New health care bill covers birth control
The Obama administration has agreed to include the payment for birth control or contraceptives in the new Affordable Care Act. After President Barack Obama signed the bill, government officials from the U.S. Department of Health and Human Services voted yes for the inclusion of contraceptives beginning Aug. 1.
As reported on colorlines.com, HHS secretary Kathleen Sebelius said in a statement last year, “The Affordable Care Act helps stop health problems before they start. These historic guidelines are based on science and existing literature and will help ensure women get the preventive health benefits they need.”
Though payment for birth control pills is an essential part of the plan, women will be able to receive a number of other services without insurance worries.
Guidelines also include the following: visits to the gynecologist, HPV testing, STD counseling, HIV testing and counseling and domestic violence screenings. Breast feeding support, supplies and counseling for pregnant women are included as well.
Jessica Vickery of the health education and promotion department spoke from the point of view of a health educator.

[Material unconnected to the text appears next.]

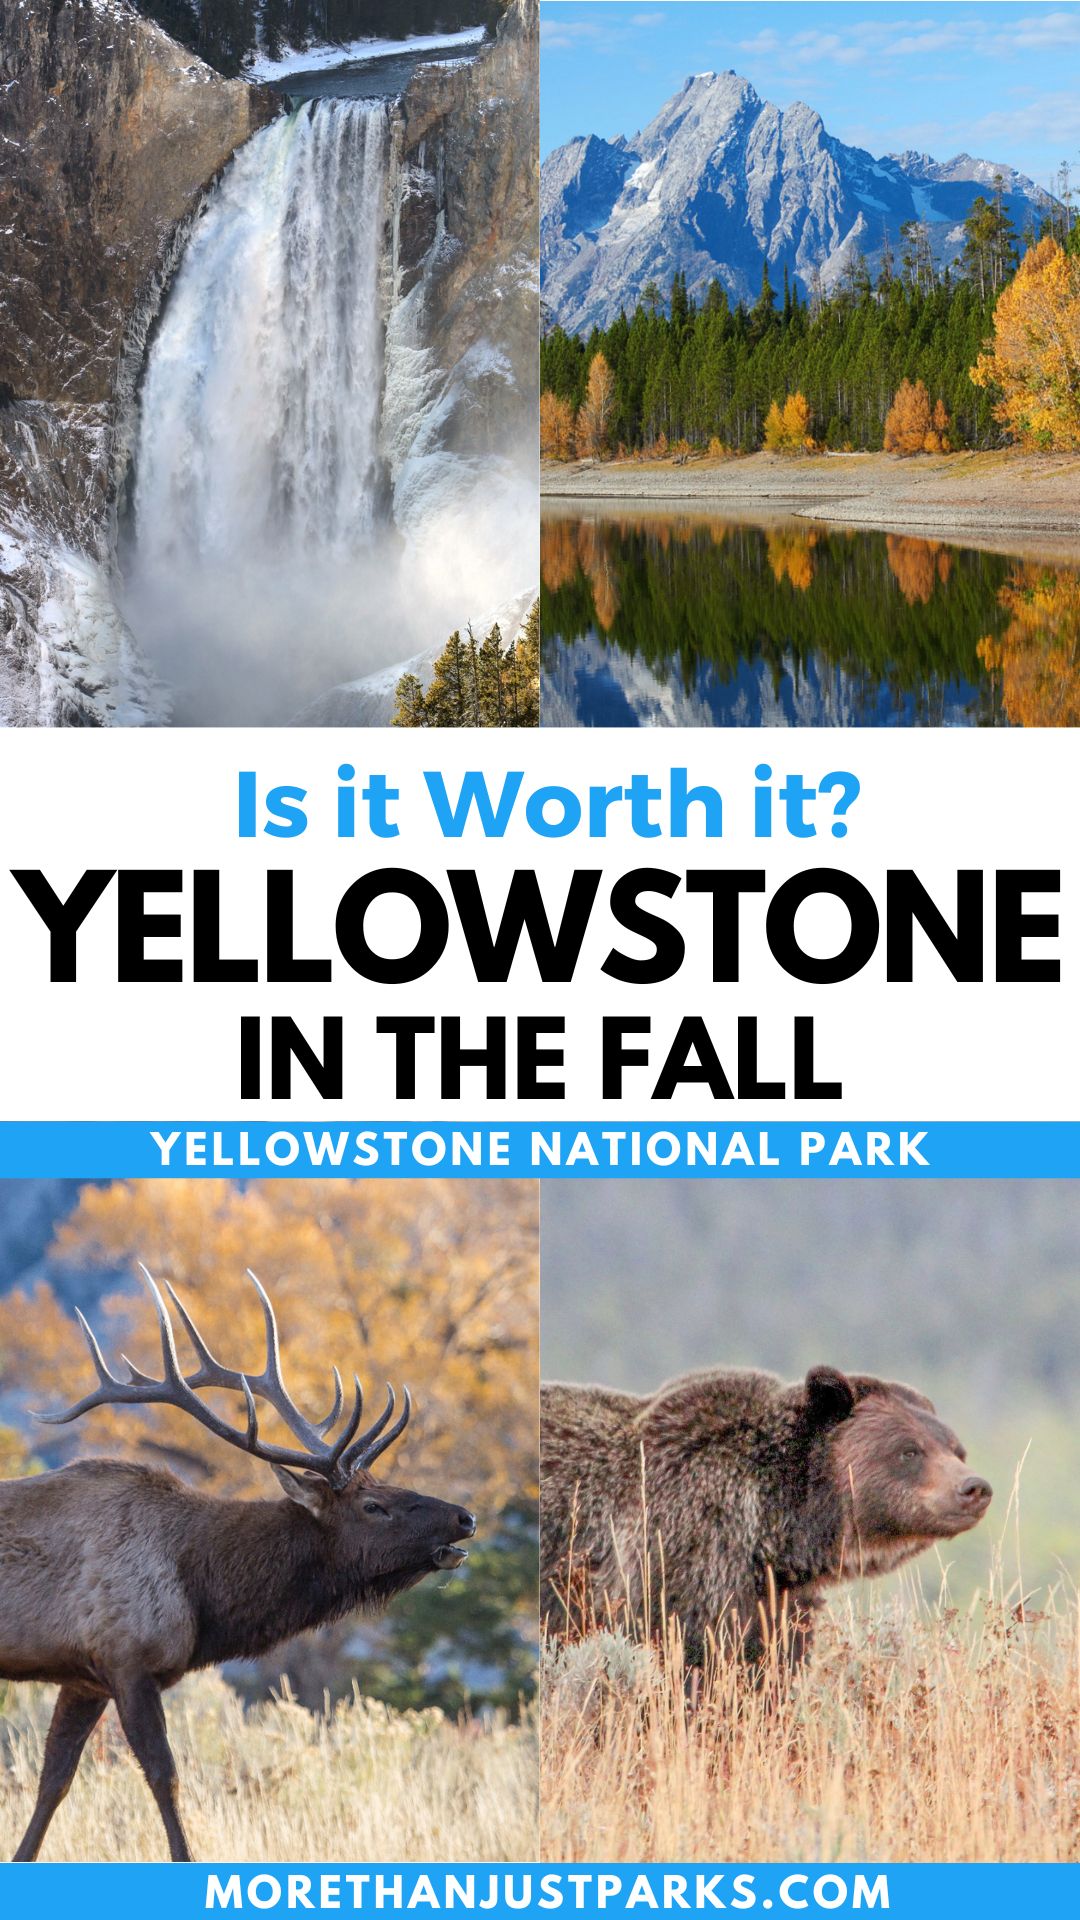 Yellowstone in the fall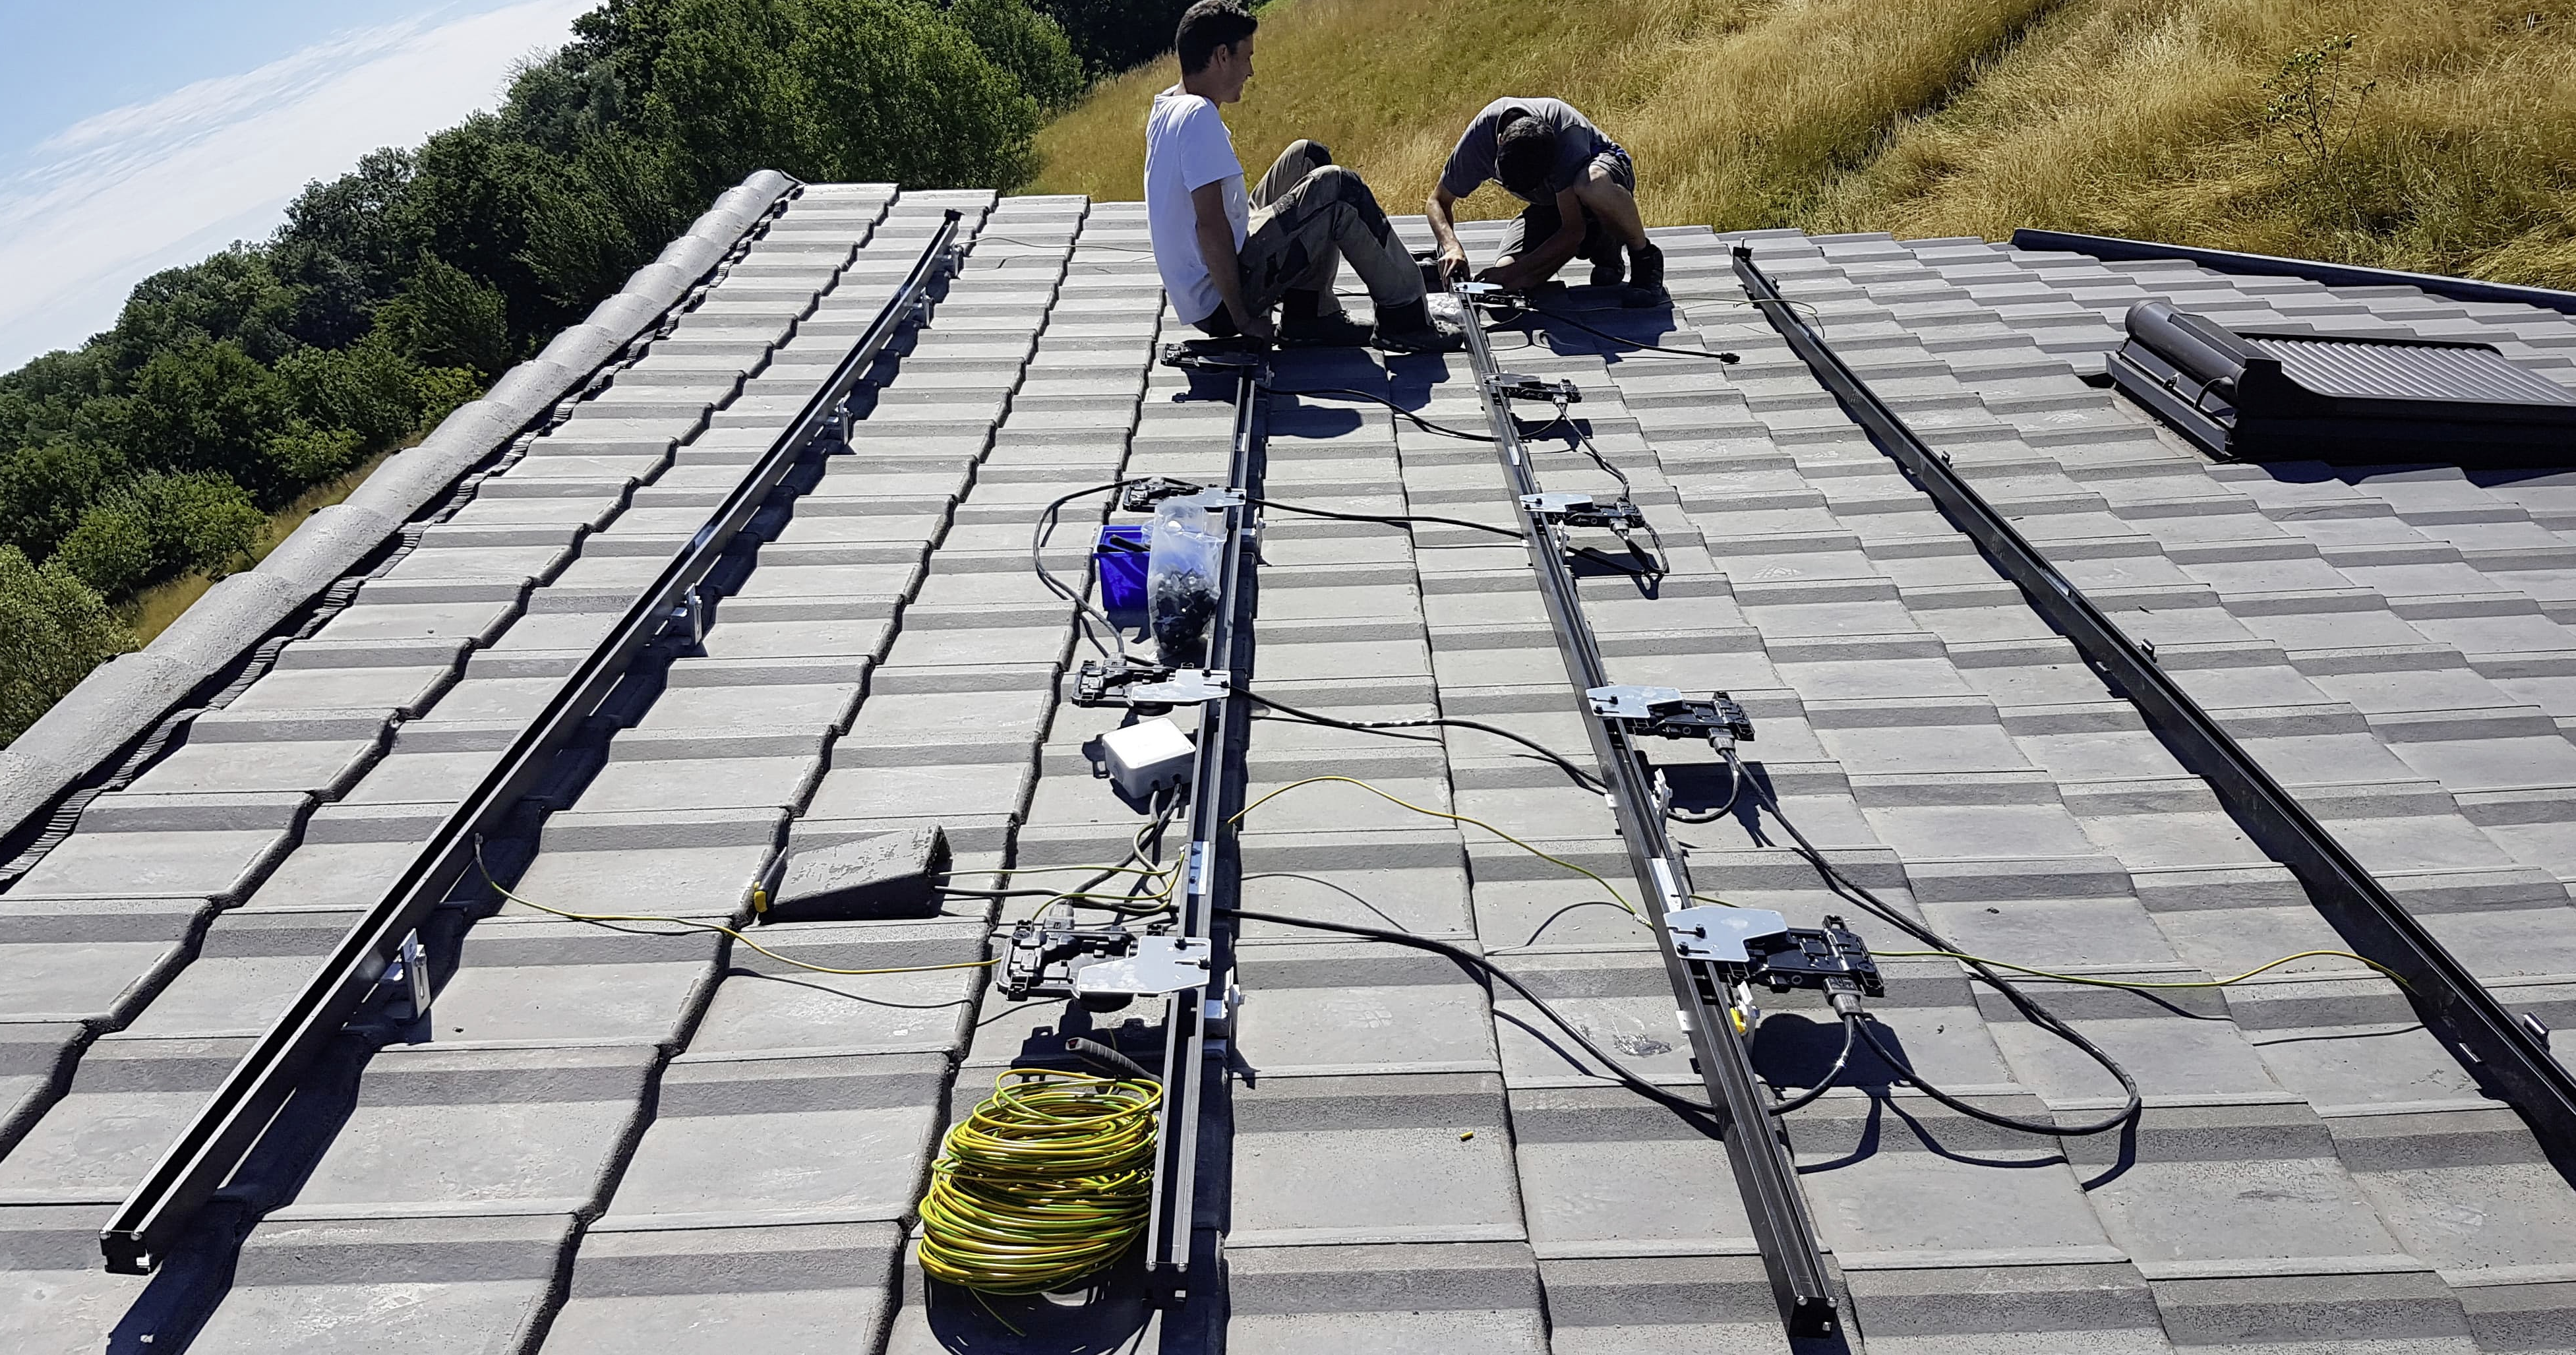 Pendant l'installation des panneaux photovoltaïques sur le toit de la maison.

“Pregnancy is so expensive for insurance companies, as well as hospitals and doctors,” Vickery said. “By covering contraceptives, you’re kind of getting rid of this idea of unplanned pregnancies of people who are not going to be able to afford the costs that a pregnancy has over the course of that nine months.”
While some Catholics have publicly spoken against the inclusion of birth control in the Affordable Care Act, Democrats stand behind the president.
“I believe that the cost of contraceptives was included in the ACA because they are an integral part of preventing disease and ensuring the healthiness of the American people,” said Jamie Woodham, president of UA’s College Democrats. “Contraceptives are key in the fight against HIV and STDs and should therefore be included in the ACA. Furthermore, people deserve the right to choose when they wish to start a family, and contraceptives allow them to make that choice when they feel that they are ready.”
Republicans take a different stand on the topic.
“As with most every decision made by the current administration, the decision to include contraceptives, including the morning-after pill, in Obamacare was a political one,” said Cliff Sims, president of College Republicans. “Rather than enacting responsible social policy, the administration focused on playing to their liberal base.”
It’s unclear what type of effects including birth control will have on society.
“By taking away the obligation for people to pay for contraceptives out of pocket, I believe that we will not only drive down our numbers in terms of HIV and STD rates but that we will also have far fewer unwanted pregnancies,” Woodham said. “The bottom line regarding this initiative is that the many positives – disease prevention, women's reproductive rights, etc. – far outweigh any potential negatives, most of which are rooted loosely in religious dogma and right-wing radicalism.”
“We're witnessing the deconstruction of the social fabric of our country,” Sims said. “Whether it's bailing out big banks, giving handouts to so-called ‘green’ companies, or dishing out morning-after pills to teenagers, our government is reinforcing the idea that it's OK to be irresponsible because you won't have to suffer the consequences of your decisions.”
All information on the Affordable Care Act can be found on the national website, healthcare.gov.